Catania's fish market |
If you’re able to escape the fish market (and we do, albeit
with a punnet of unfortunately sour nectarines), you could almost walk straight
in to Castello Ursino. The fortification
was built in the 1200s as a royal castle of Emperor Frederick II, the King of
Sicily, to show the population who was boss, and during the devastating
earthquake of 1693, the castle was one of the few buildings to remain standing. Its position is somewhat unusual, being the centrepiece
of a fairly attractive piazza, but this does not tell the whole story. Castello Ursino once looked out over a cliff
onto the sea, but following a series of volcanic eruptions and earthquakes, it
now sits nearly a mile inland. Inside,
the dark museum gives a hint at a once-miserable lifestyle, the prison /
torture tower a particular low point.
Catania is actually a very interesting city, if you pick-and-choose
your areas, and the United Nations agree – the city centre makes up part of the
UNESCO World Heritage Site known as Late
Baroque Towns of the Val di Noto (essentially a collection of Baroque town
centres across the Southeast corner of the island.) To see the whole city centre on foot in a day is just about
possible, but to get a better overview (and because we are both
dead-on-our-feet) we hunt down a rather touristy alternative and climb aboard
the bright red sight-seeing road train which, for five euros, gives you a
45-minute overview of the city. It’s
also an exhilarating way to experience Catanian traffic at its best – that is,
lawless – and it soon becomes apparent that the horn on Sicilian models are
attached simultaneously to both accelerator and brake. I find Sicilian drivers curious – they drive
too fast, they don’t indicate, they beep incessantly, but there’s never any
trace of anger, aggression or urgency in their faces. In fact, far more people stop to let you
cross a road here than would ever do in London, Birmingham or Bristol. The roads of Catania are chaotic –
frighteningly so – but it tends to work in a way it wouldn’t back home, because
Catanians drive with a lackadaisical, give-a-shrug attitude that this part of
the world is renowned for. It’s that
same attitude which ensures the busses never run on time, trains simply don’t
turn up, and street signs are unreliable, but if you can shift your mind-set to
their way of thinking, you’d fit in quite nicely. There’s only one small problem with that – I can’t.

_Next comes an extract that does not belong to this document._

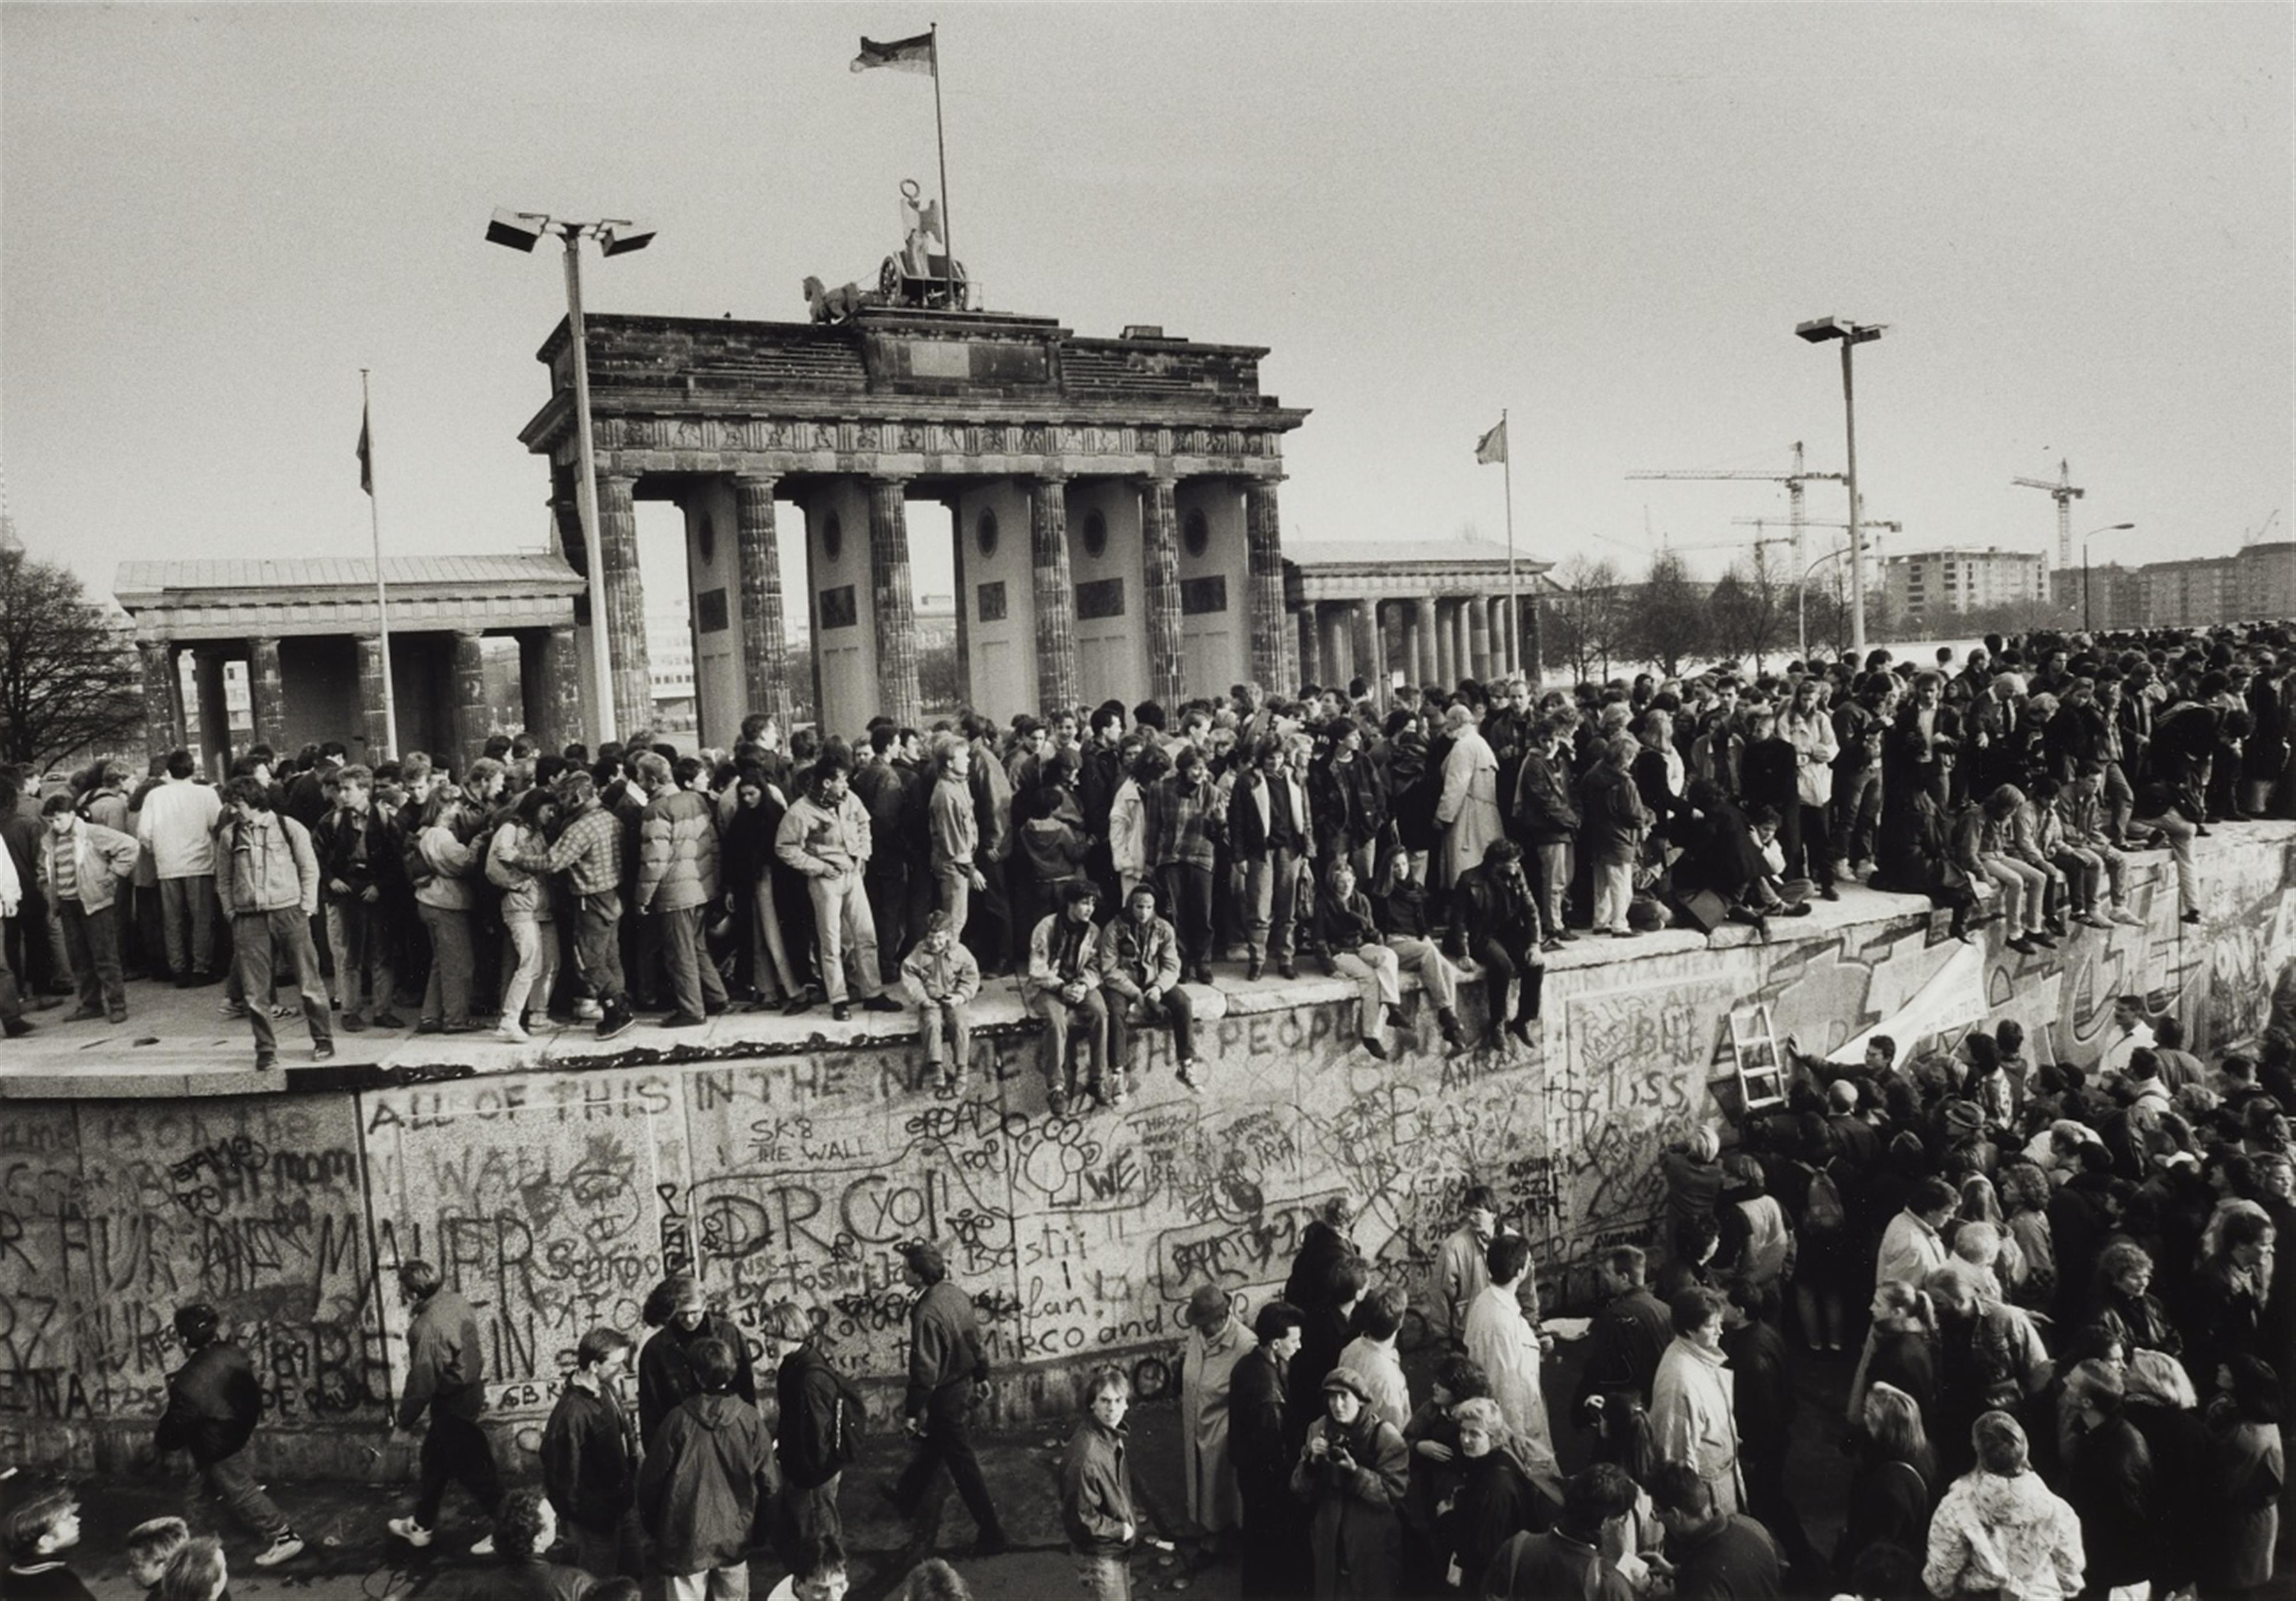 Barbara Klemm - Fall der Mauer, Berlin, 10. November 1989 - image-1

Back in the evening, we take it easy on the hotel’s roof terrace,
commanding views over the surrounding roof tops. The roof terrace is a great place to be – we have
all the sounds of the city, a beautiful view looking as far as the coast, but
nobody in Catania has any idea we are here.
Up above, swifts are amassed here in their hundreds, their calls
filling the air all evening long, giving us a free show of nature in the very
centre of this black old city, whilst in the distance, tomorrow’s destination
reminds us, with a pale waft of smoke, who’s really in charge around here.
It's funny that you should mention Italian drivers as the very same subject cropped up in a piece of English non fiction text that I was doing, recently! Sounds like a 'bundle of fun' on the roads there!!